The birth of heliocentrism.
By the 16th century, astronomers have plotted the movements of the most important celestial bodies in the sky. Observing the motion of the Sun, the Moon and the stars, it would seem obvious that the Earth is motionless and everything orbits around it. This model (called geocentrism) had only one minor flaw: the planets would sometimes make a loop in their motion, "moving backwards". This required a lot of very complicated formulas to model their motions. Thus, by the virtue of Occam's razor, a theory was born which could better explain the motion of the planets: what if the Earth and everything else orbited around the Sun? However, this new theory (heliocentrism) had a lot of issues, because while it could explain the looping motion of the planets, there were a lot of things which it either couldn't explain, or the geocentric model could explain it much better.
The proofs, advantages and disadvantages
The heliocentric view had only a single advantage against the geocentric one: it could describe the motion of the planets by a much simper formula.
However, it had a number of severe problems:
- Gravity. Why do the objects have weight, and why are they all pulled towards the center of the Earth? Why don't objects fall off the Earth on the other side of the planet? Remember, Newton wasn't even born yet! The geocentric view had a very simple explanation, dating back to Aristotle: it is the nature of all objects that they strive towards the center of the world, and the center of the spherical Earth is the center of the world. The heliocentric theory couldn't counter this argument.
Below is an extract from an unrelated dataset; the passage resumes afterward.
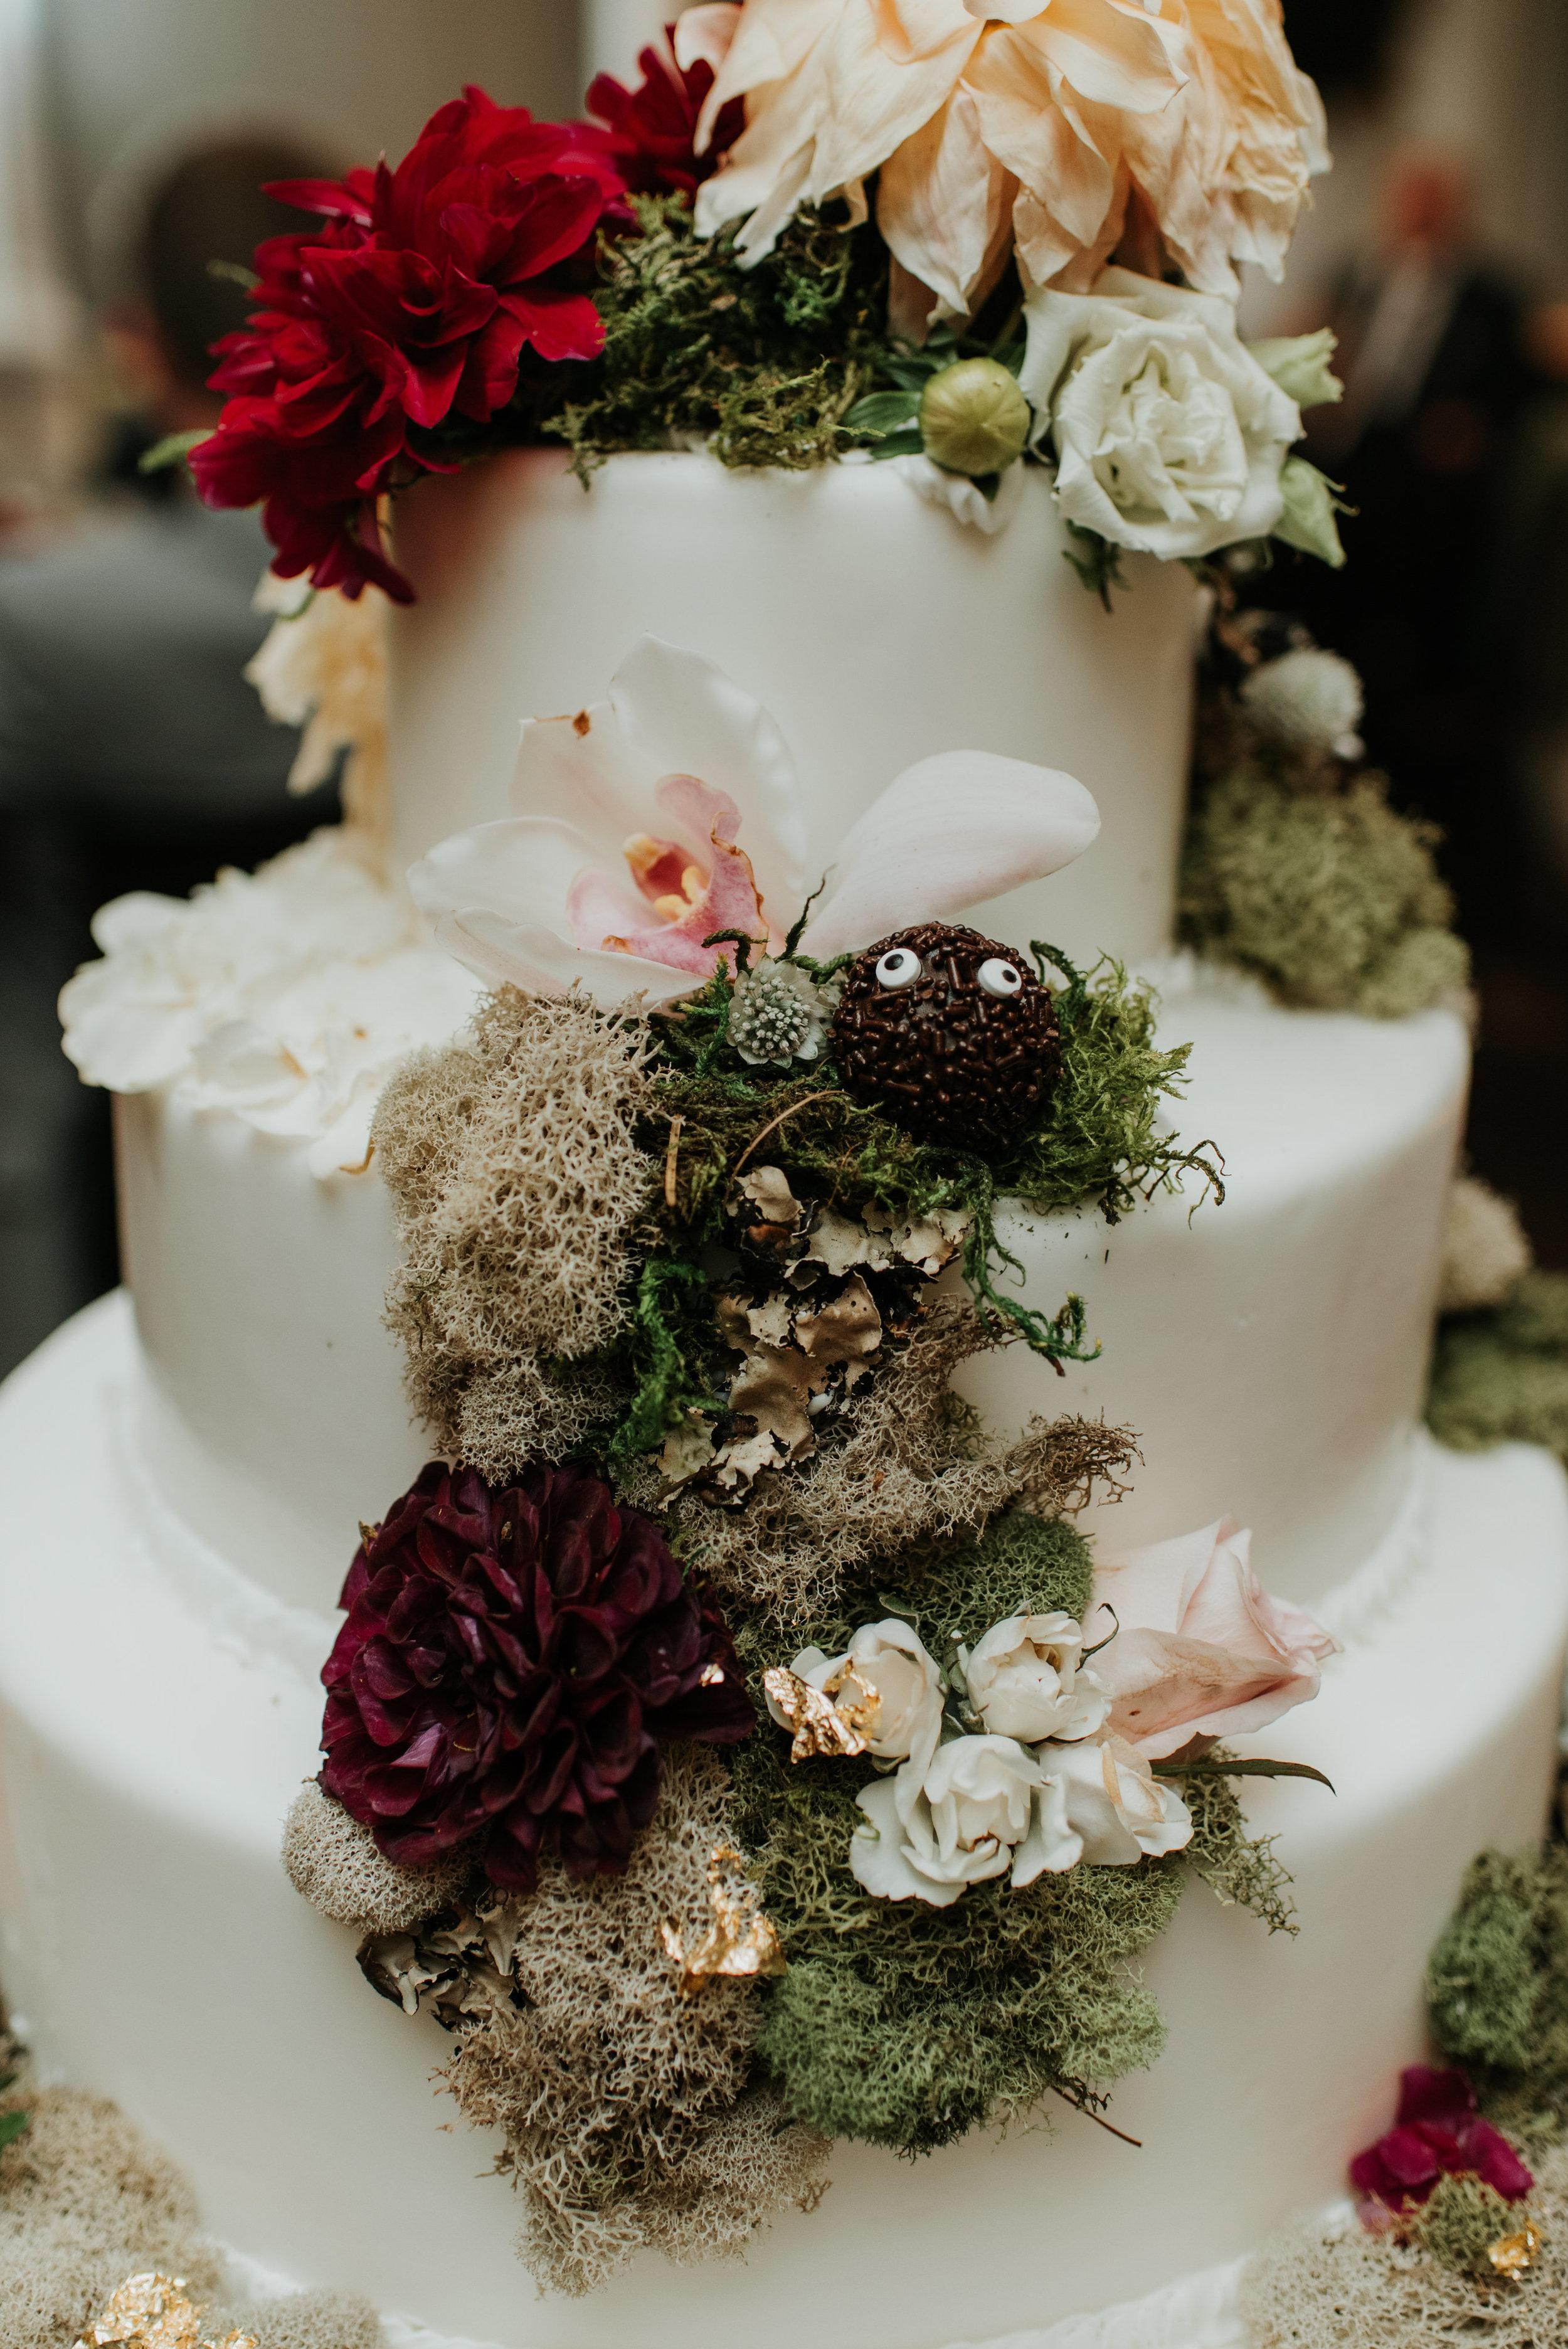 10 08 2017 Jessie and Matthew Daniel-10 Reception Cake-0005.jpg
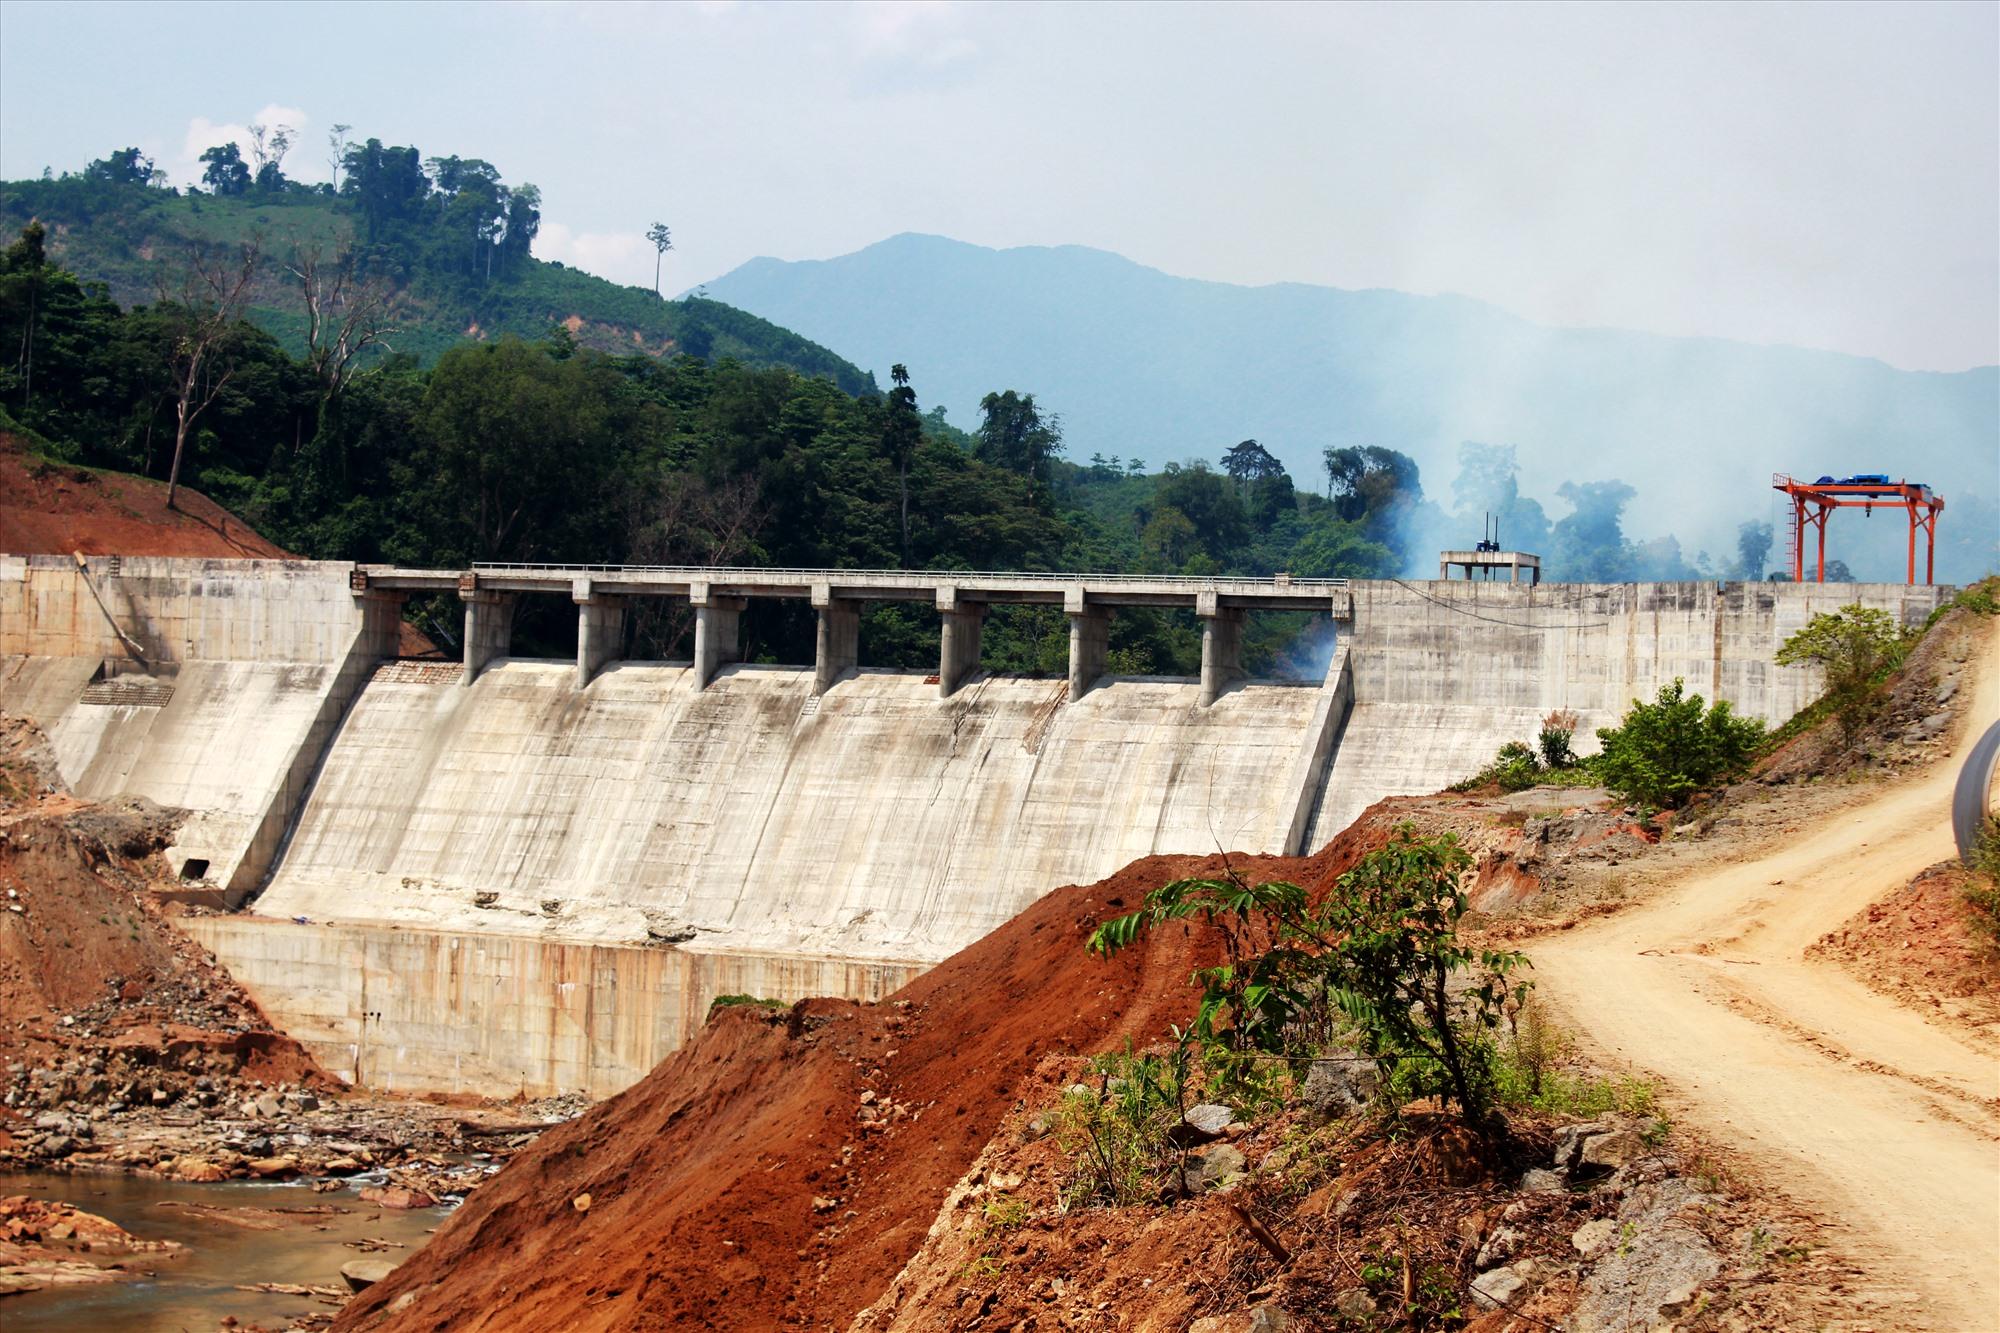 Đập chính thủy điện Nước Chè (xã Phước Năng, Phước Sơn). Thủy điện này hoàn thành khoảng 70 - 85% khối lượng nhưng chưa đền bù cho nhiều hộ dân. Ảnh: T.C

- Stellar parallax. If the Earth is not stationary, then the relative position of the stars should change as the Earth orbits the Sun. No such change was observable by the instruments of that time. Only in the first half of the 19th century did we succeed in measuring it, and only then was the movement of the Earth around the Sun finally proven.
- Galilei tried to used the tides as a proof. The geocentrists argued that the tides are caused by the Moon even if they didn't knew by what mechanisms, but Galilei said that it's just a coincidence, and the tides are not caused by the Moon: just as if we put a barrel of water onto a cart, the water would be still if the cart was stationary and the water would be sloshing around if the cart was pulled by a horse, so are the tides caused by the water sloshing around as the Earth moves. If you read Galilei's book, you will discover quite a number of such silly arguments, and you'll see that Galilei was anything but a rationalist. Instead of changing his views against overwhelming proofs, he used all possible fallacies to push his view through.
Actually the most interesting author in this topic was Riccioli. If you study his writings you will get definite proof that the heliocentrism-geocentrism debate was handled with scientific accuracy and rationality, and it was not a religious debate at all. He defended geocentrism, and presented 126 arguments in the topic (49 for heliocentrism, 77 against), and only two of them (both for heliocentrism) had any religious connotations, and he stated valid responses against both of them. This means that he, as a rationalist, presented both sides of the debate in a neutral way, and used reasoning instead of appeal to authority or faith in all cases. Actually this was what the pope expected of Galilei, and such a book was what he commissioned from Galilei. Galilei instead wrote a book where he caricatured the pope as a strawman, and instead of presenting arguments for and against both world-views in a neutral way, he wrote a book which can be called anything but scientific.
By the way, Riccioli was a Catholic priest. And a scientist. And, it seems to me, also a rationalist. Studying the works of such people like him, you might want to change your mind if you perceive a conflict between science and religion, which is part of today's public consciousness only because of a small number of very loud religious fundamentalists, helped by some committed atheists trying to suggest that all theists are like them.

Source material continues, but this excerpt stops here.